» **Task statement**: Take the lines from the one with "du son radio" through the end of the material below and repeat them exactly, dropping every picture.

» **Recorded information**:
# # # # # # #

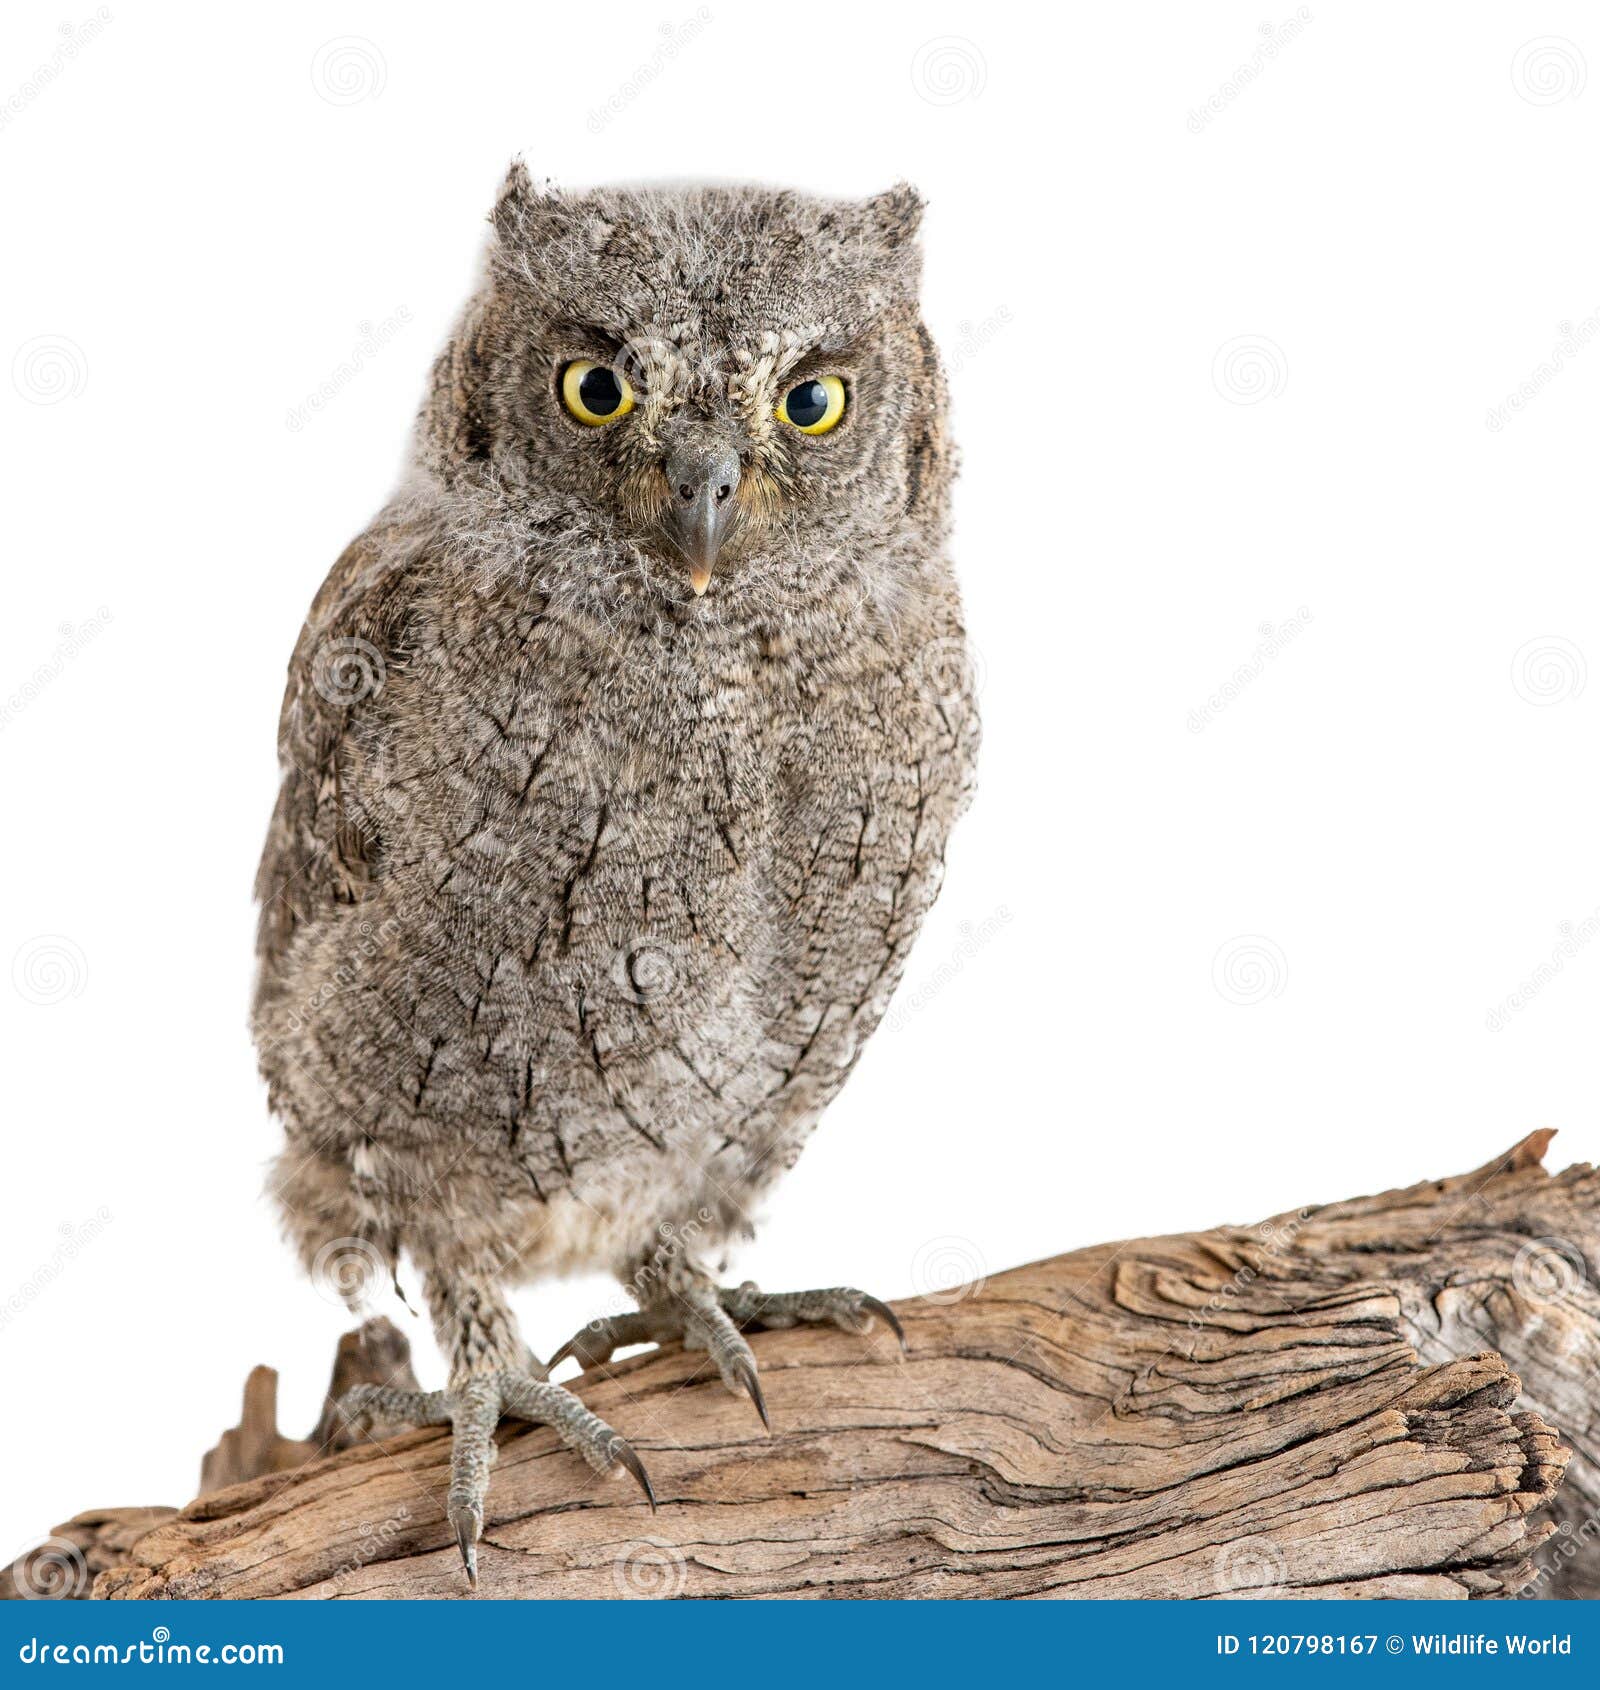 european scops owl otus scops sitting on a stick on white background
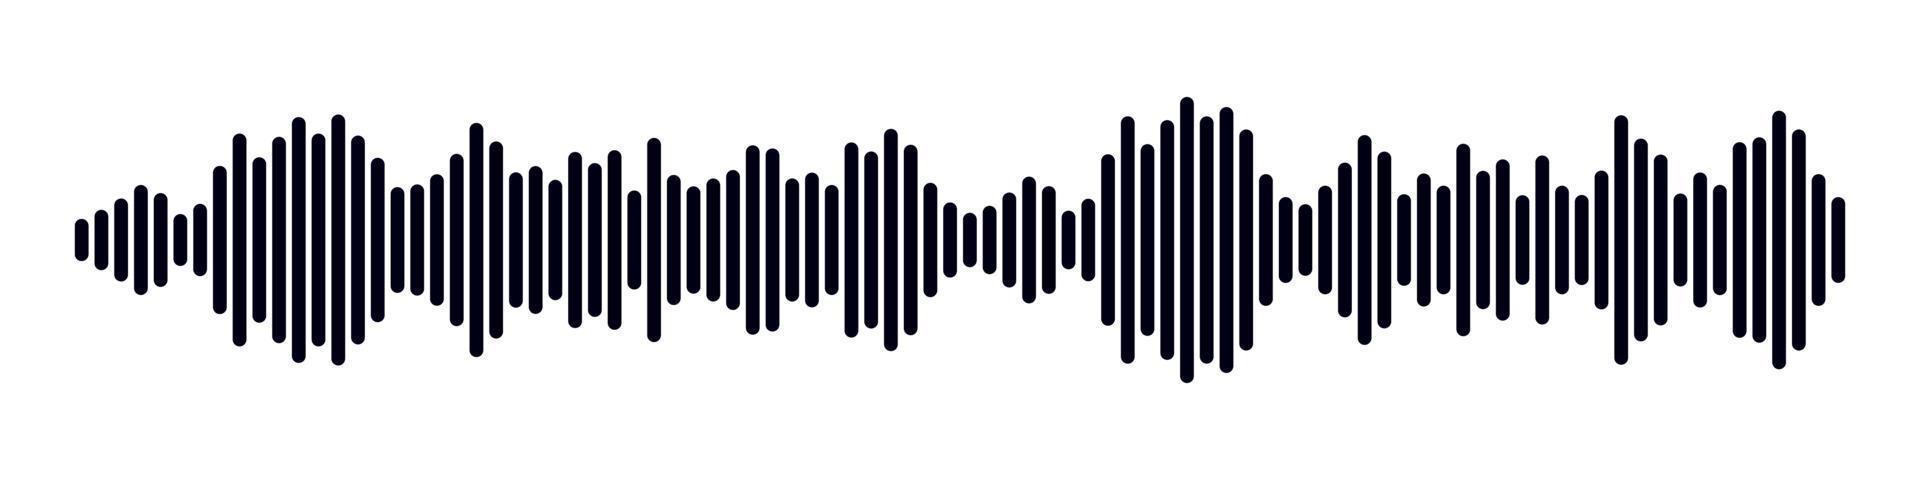 du son radio former. abstrait la musique l'audio onde sonore. vecteur isolé illustration
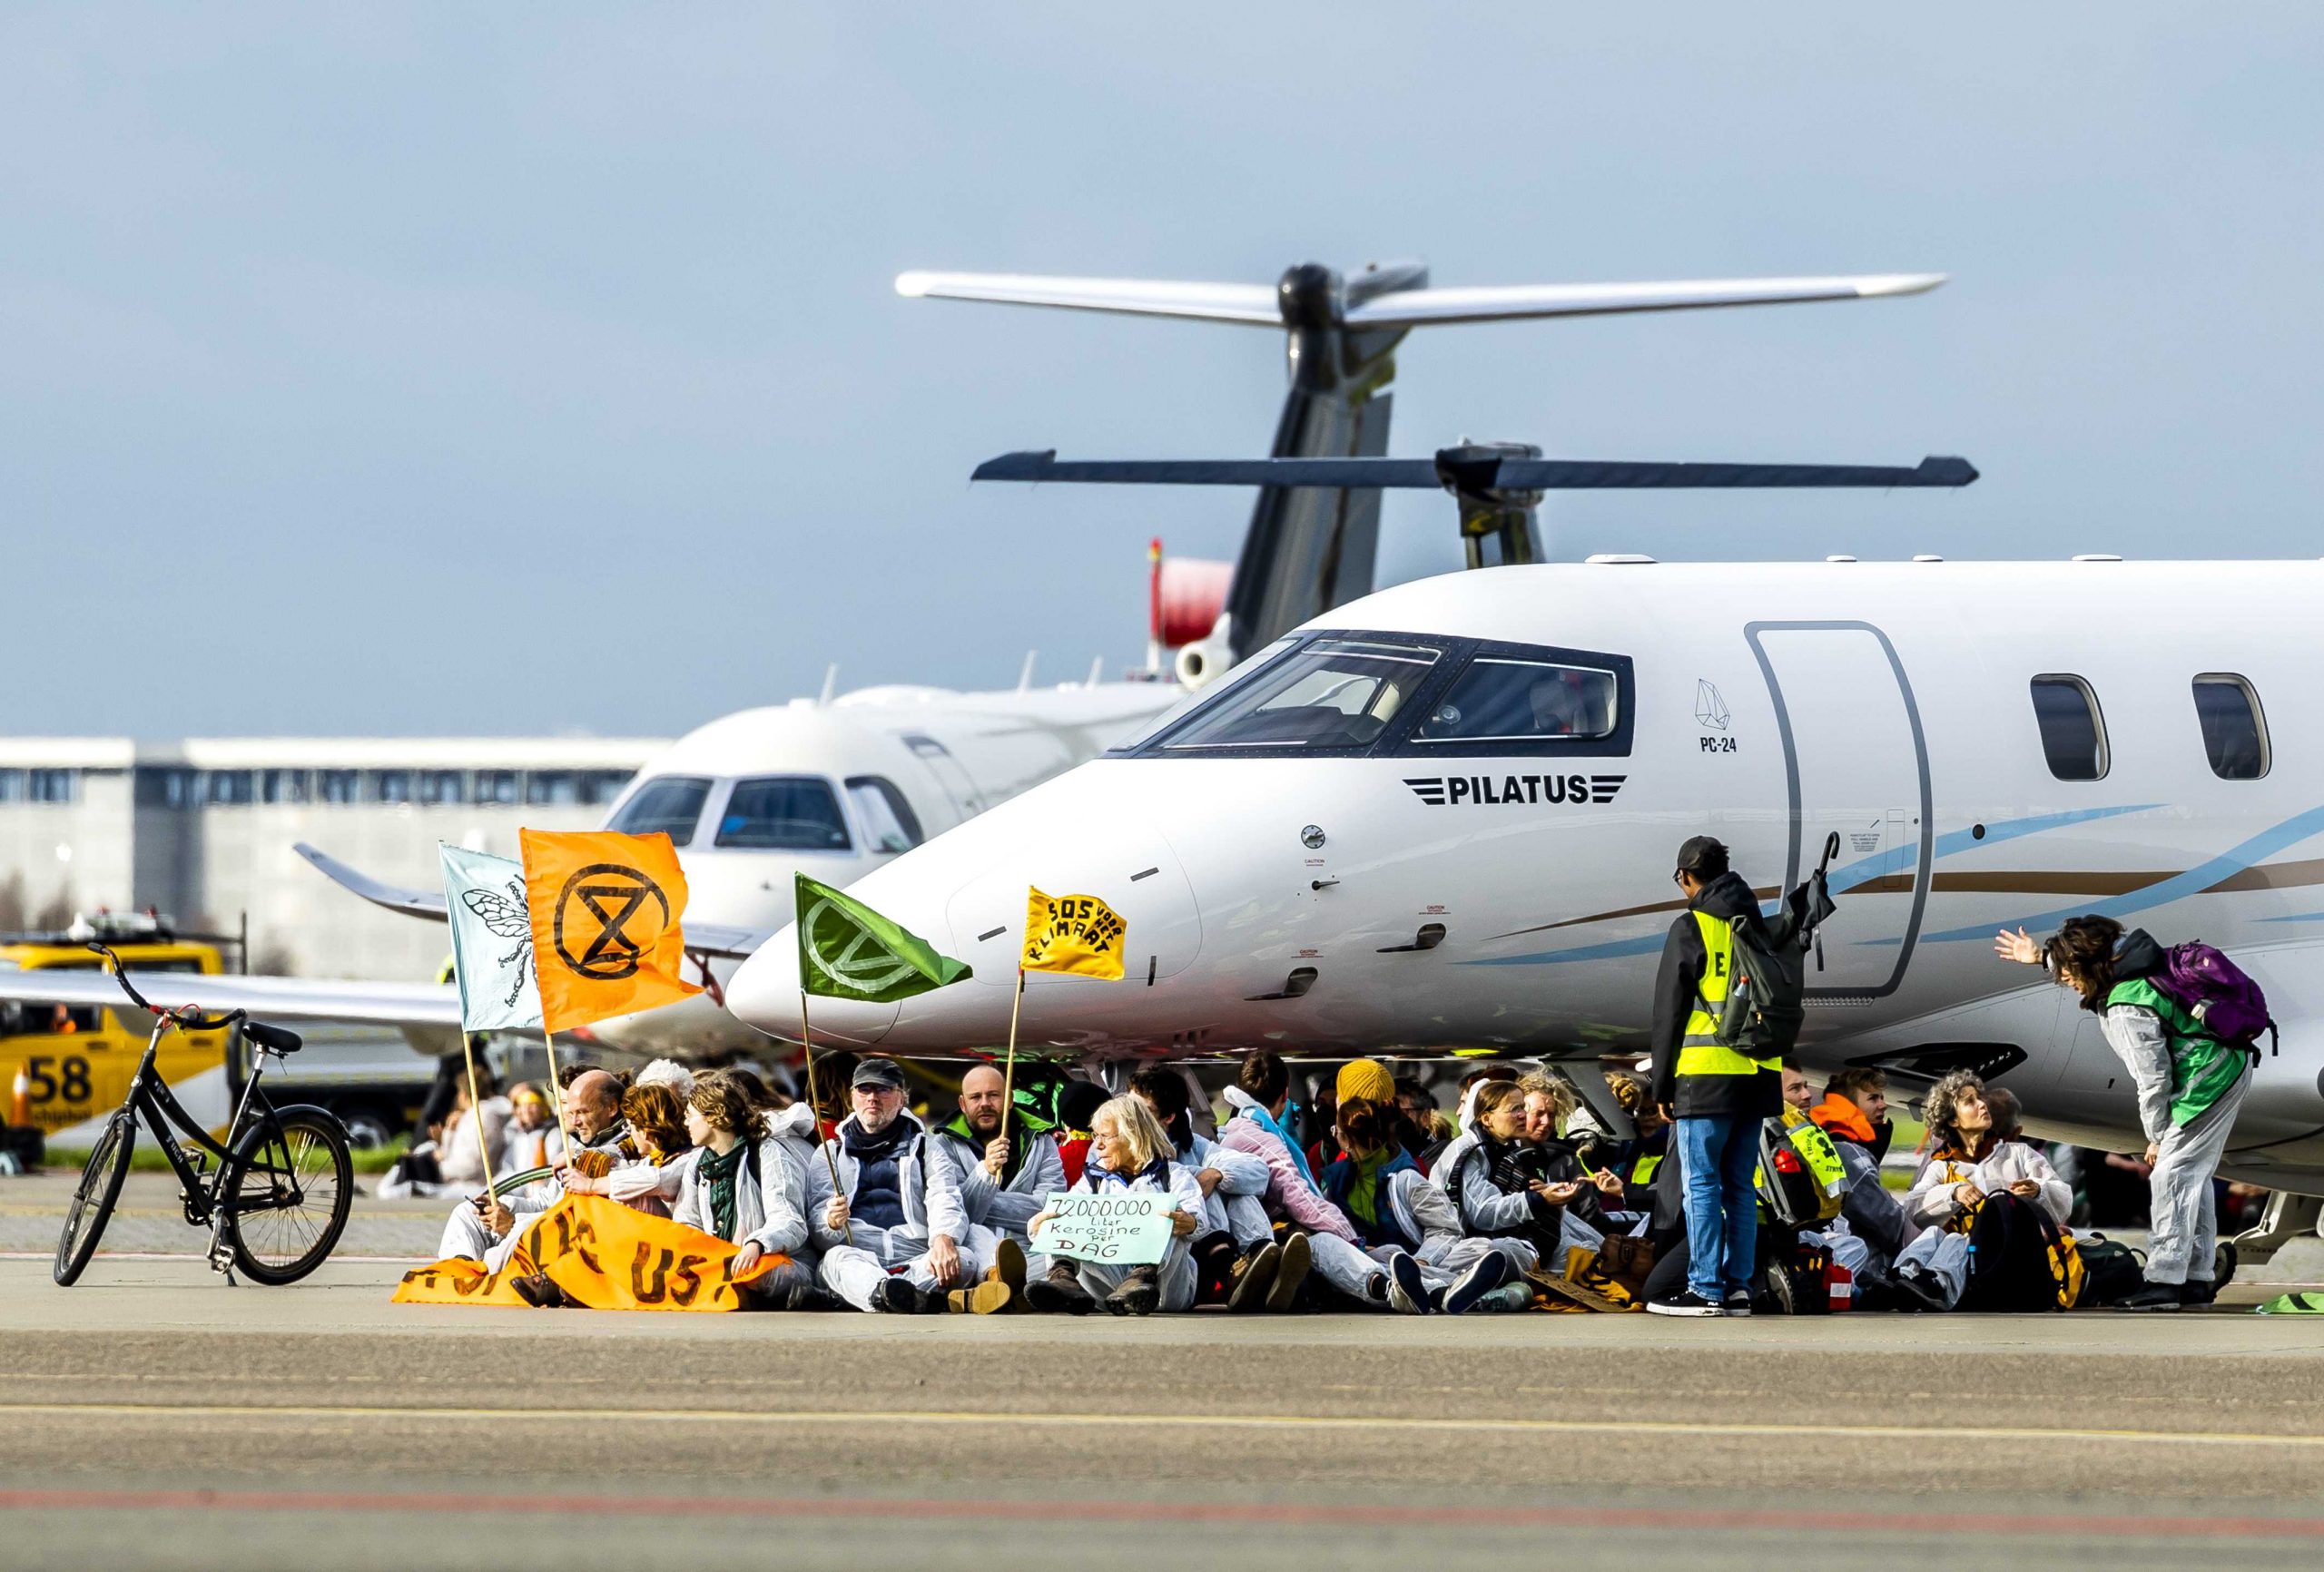 环保分子闯荷兰机场    阻私人机起飞 百人被捕

# # # # # # #

» **Answer for the task**:
 du son radio former. abstrait la musique l'audio onde sonore. vecteur isolé illustration
 环保分子闯荷兰机场    阻私人机起飞 百人被捕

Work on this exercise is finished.